Metode Pembobotan Kata Berbasis Sebaran untuk Temu Kembali Informasi Dokumen Bahasa Indonesia

Sari, Putri Dewi Purnama. 2012.

Term weight algorithm plays an important role in the process of document searching, which is greatly influenced by the precision and recall results of the Search Engine. Currently, TF-IDF term weight algorithm is widely applied in language models to build the search engine systems. Since term frequency is not the only discriminator which is necessary to be considered in term weighting and make each weight suitable to indicate the term’s importance, term weighting algorithm based on term distribution has been developed. In a single document, a term with higher frequency and closer to hypo-dispersion distribution usually contains more semantic information and should be given higher weight. One the other hand, in collection of documents, the term with higher frequency and hypo-dispersion distribution usually contains less information. This research implements term weight based on term distribution, with Local Term Weight Algorithm and Global Term Weight Algorithm for the documents in Indonesian Language. The result of this research is a Search Engine with an average precision of 84.8%.

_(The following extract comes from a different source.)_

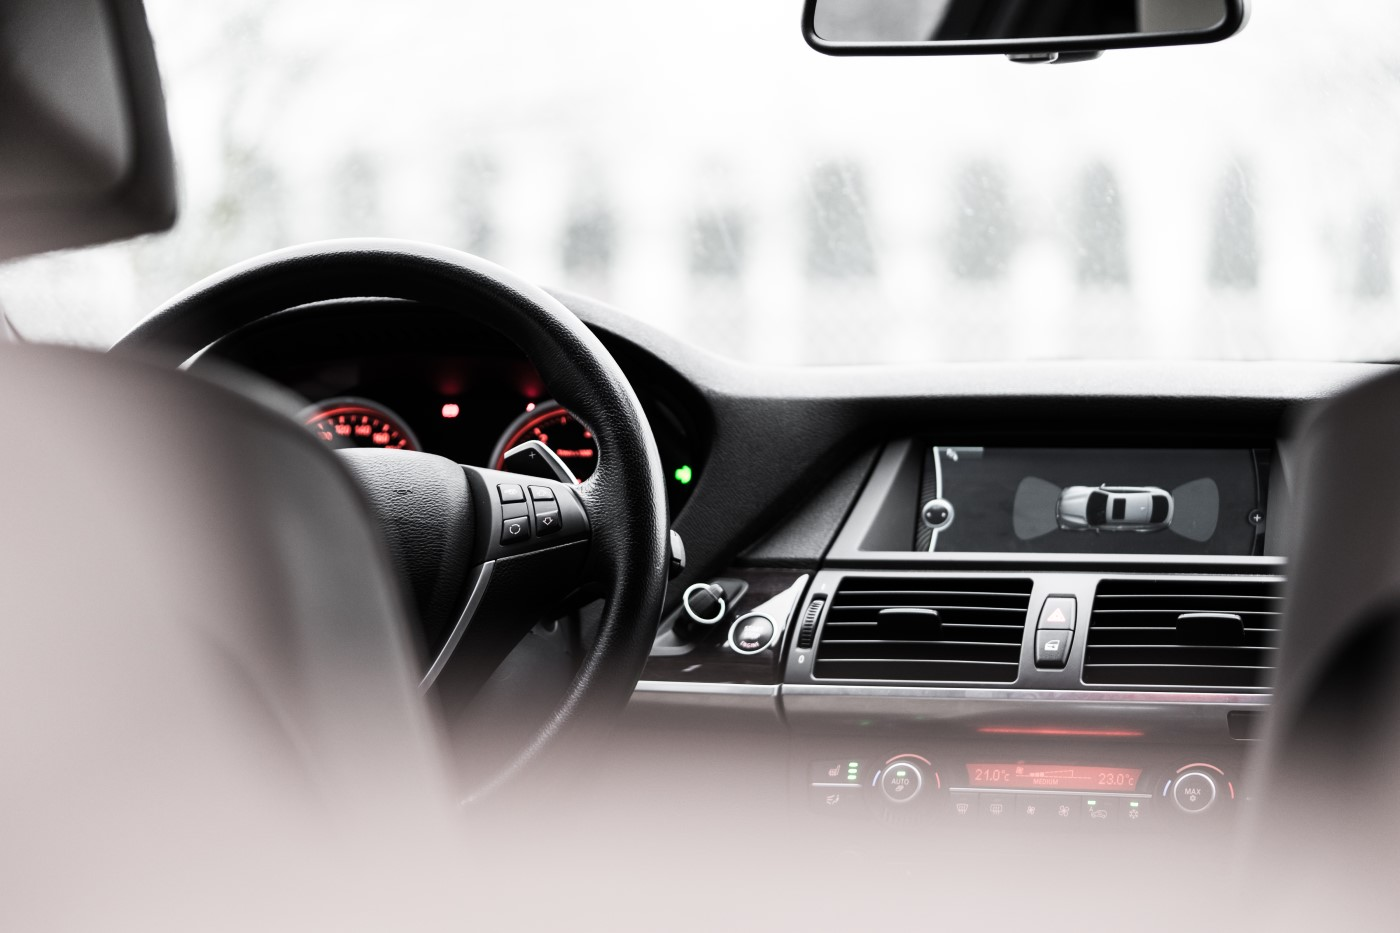 car interior with a wheel

Studi Komparatif Pembobotan Kata untuk Temu Kembali Informasi Dokumen Bahasa Indonesia

Anugrah, Hafizhia Dhikrul. 2013.

One of the classical models of Information Retrieval (IR) systems is the vector space model. Vector in this model represents the weight of terms contained in the documents and queries. A term can be a word, a phrase, or a unit in a document describing the context of the document. Since each term has a different level of importance in the document, weighting is needed. The commonly used weighting method is TF-IDF (Term Frequency Inverse Document Frequency). Previous research indicates that the distribution of term weighting follow the Poisson distribution, hence a method called RIDF (Residual Inverse Document Frequency) was developed. Other weighting methods by considering the query is called Query Term weighting. Both of the latter methods has not been implemented for documents in Indonesian. This research implements the methods TF-IDF, RIDF and Query Term Weighting on search engine for documents in Indonesian. The result of this research is a search engine with an average precision of 63,9%.


Mesin Pencari Dokumen Bahasa Indonesia Menggunakan Latent Semantic Indexing dengan Pembobotan Global

Handayani, Susi. 2012.

Current users tend to like search engine based on semantic of word. This is caused by the existence of synonymy and polysemy problems in the selection of the use of the word. One technique to resolve these issue is Latent Semantic Indexing (LSI). LSI has the ability to find relevant documents even if the word of the query are not written in the document. Currently, TF-IDF term weight algorithm is widely applied in search engines. Xia and Chai (2011) stated that, in a document collection, the term with higher frequency and hypo-dispersion distribution usually contains less information. The purpose of this research is to implement LSI using Singular Value Decomposition (SVD) method with term distribution based global term weight. This research used 1000 Indonesian agricultural documents. The performance of search engine using LSI with term-distribution-based global term weight gave highest average precision around 40.47%. The test result also showed that LSI with term-distribution-based global term weight gives better acuracy than LSI with TF-IDF.